Second, VBIEDs are hardly an Iraqi invention. Al Qaeda terrorists, Shi'ite militia-men and Ba'ath militants in Iraq may have elevated car-bomb carnage to the level of a new art form, but they are far from the originators. Bolsheviks and anarchists perfected the technique early in the last century. One of the earliest was a horse-drawn wagon detonated on Sept. 16, 1920, on Wall Street that killed 40 and wounded more than 300. The Israeli Stern Gang, the Irish Republican Army, Islamic Jihad, Hezbollah and the Muslim Brotherhood all used VBIEDs for decades before U.S. troops set foot in Iraq.

Finally, those of us who have actually seen — and felt — the effects of real VBIEDs know that describing the London and Glasgow devices as "similar to highly destructive explosives used in Iraq," is grossly misleading. In Iraq — and increasingly now in Afghanistan — IEDs of all kind, including those driven by terrorists bent on suicide, are usually constructed using military explosives, prima-cord and heavy artillery rounds connected to sophisticated detonators.

Unlike "Iraq-style" car bombs, the London-Glasgow devices were apparently built with propane ("Patio gas" in the United Kingdom) tanks, gasoline and improperly wired cell-phone detonators. Though certainly capable of inflicting serious casualties, these devices would be unable to do anything like the kind of damage done by the VBIEDs our troops encounter regularly on Iraqi roads. Fortunately, the Doctors of Death in Britain were incompetent bomb builders.

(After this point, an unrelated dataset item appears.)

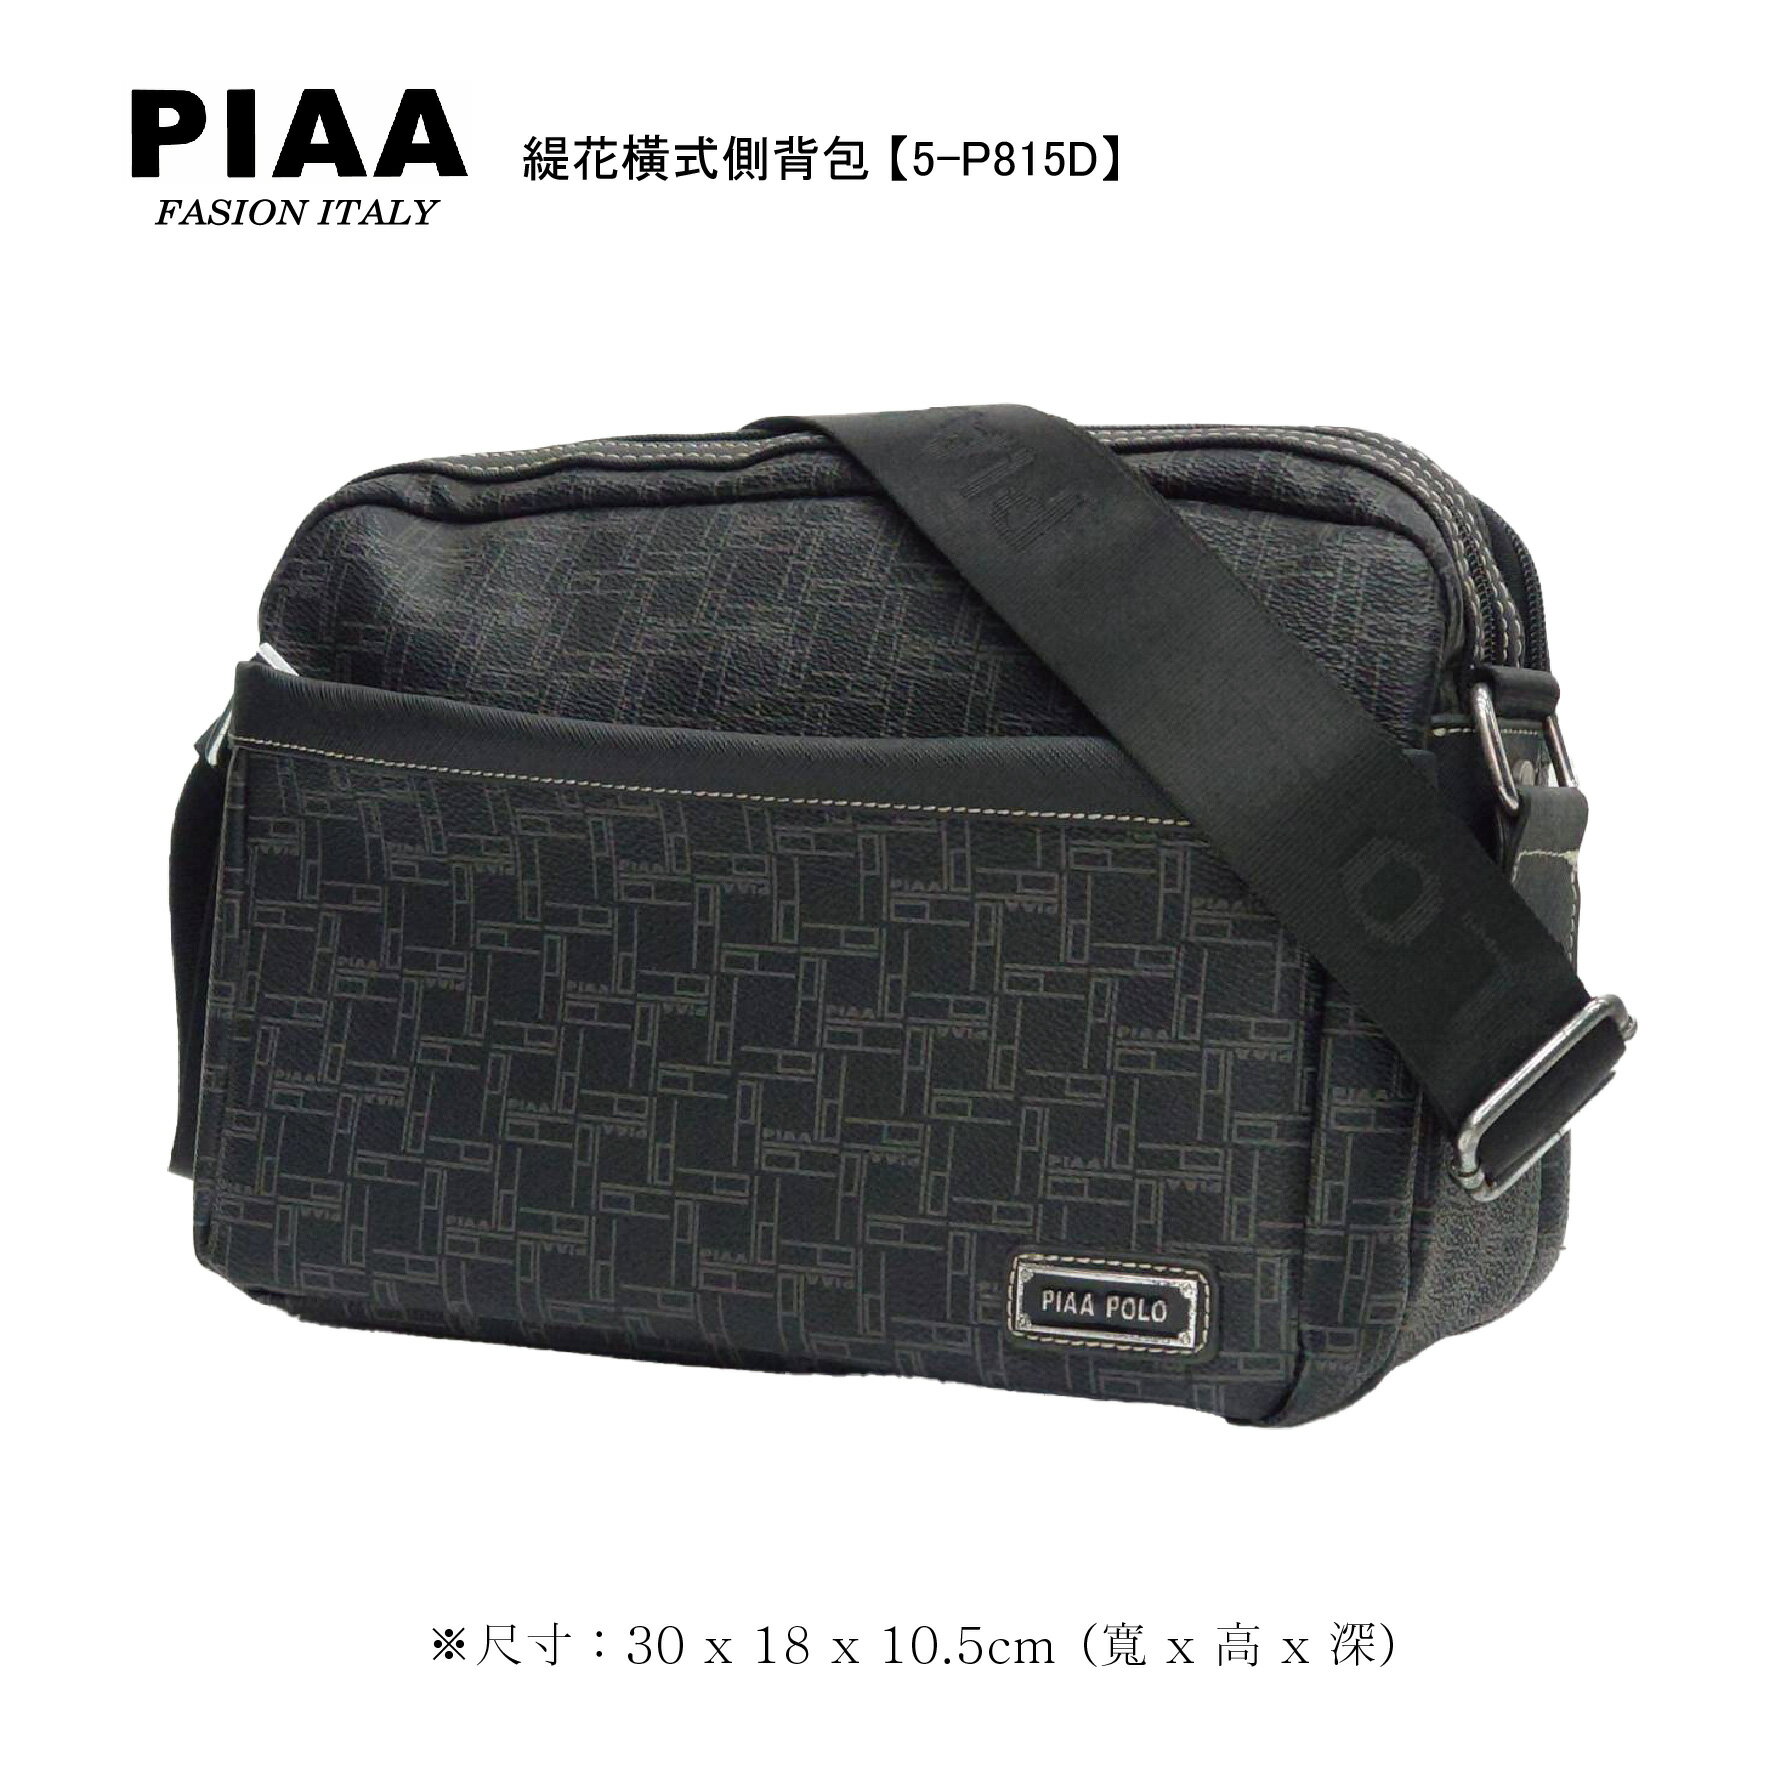 5-P815D【PIAA POLO 皮亞 保羅】緹花簡約橫式側背包
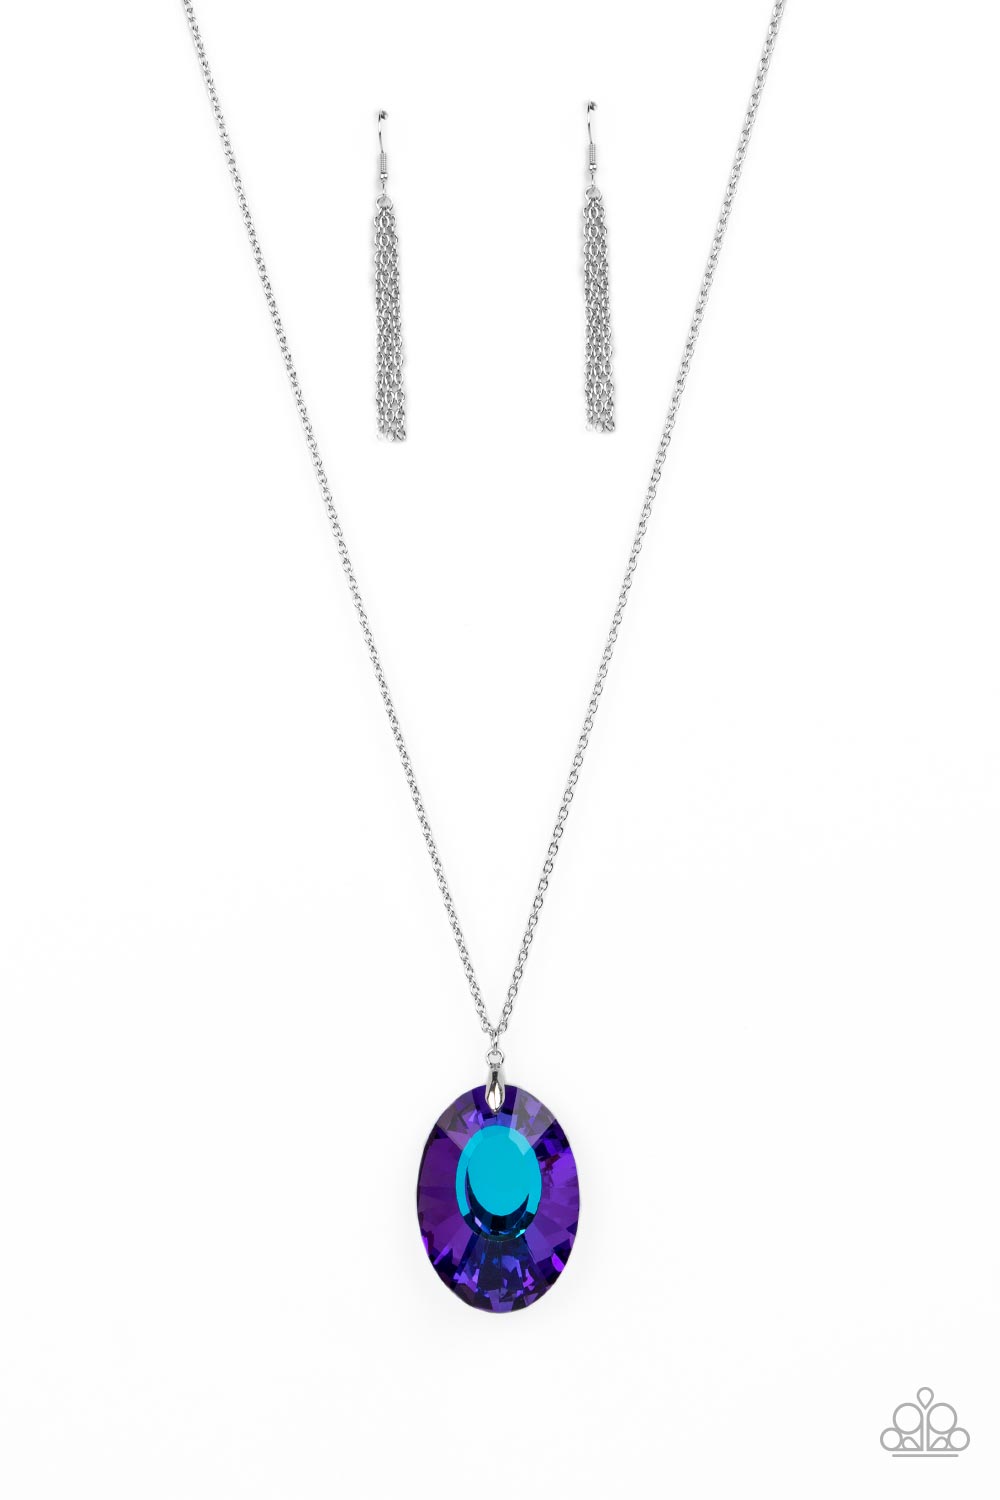 Celestial Essence - Blue Necklace Set - Princess Glam Shop

Instead of trying to distract us with bogus connections between the failed London-Glasgow attacks and the war on Iraq, the media would better serve the interests of the American people by more carefully reporting on why well-educated Muslim professionals want to kill us.

Who are the imams, mullahs, sheiks or ayatollahs with the power of persuasion to convince doctors to abandon their Hippocratic oath: "I will prescribe regimens for my patients according to my ability and my judgment and never do harm to anyone." How do they entice engineers to devote their lives to destruction? What could they say to prompt an experienced airline pilot to kill his 217 passengers by crashing his plane into the sea?

"These people," as the president said on Independence Day, "want to strike us again." Why, and where, and how, have much more to do with radical Islam than they do with Iraq.

Oliver North is the host of "War Stories" on the Fox News Channel and the founder of Freedom Alliance, an organization that provides support to the troops and scholarships to the sons and daughters of American heroes.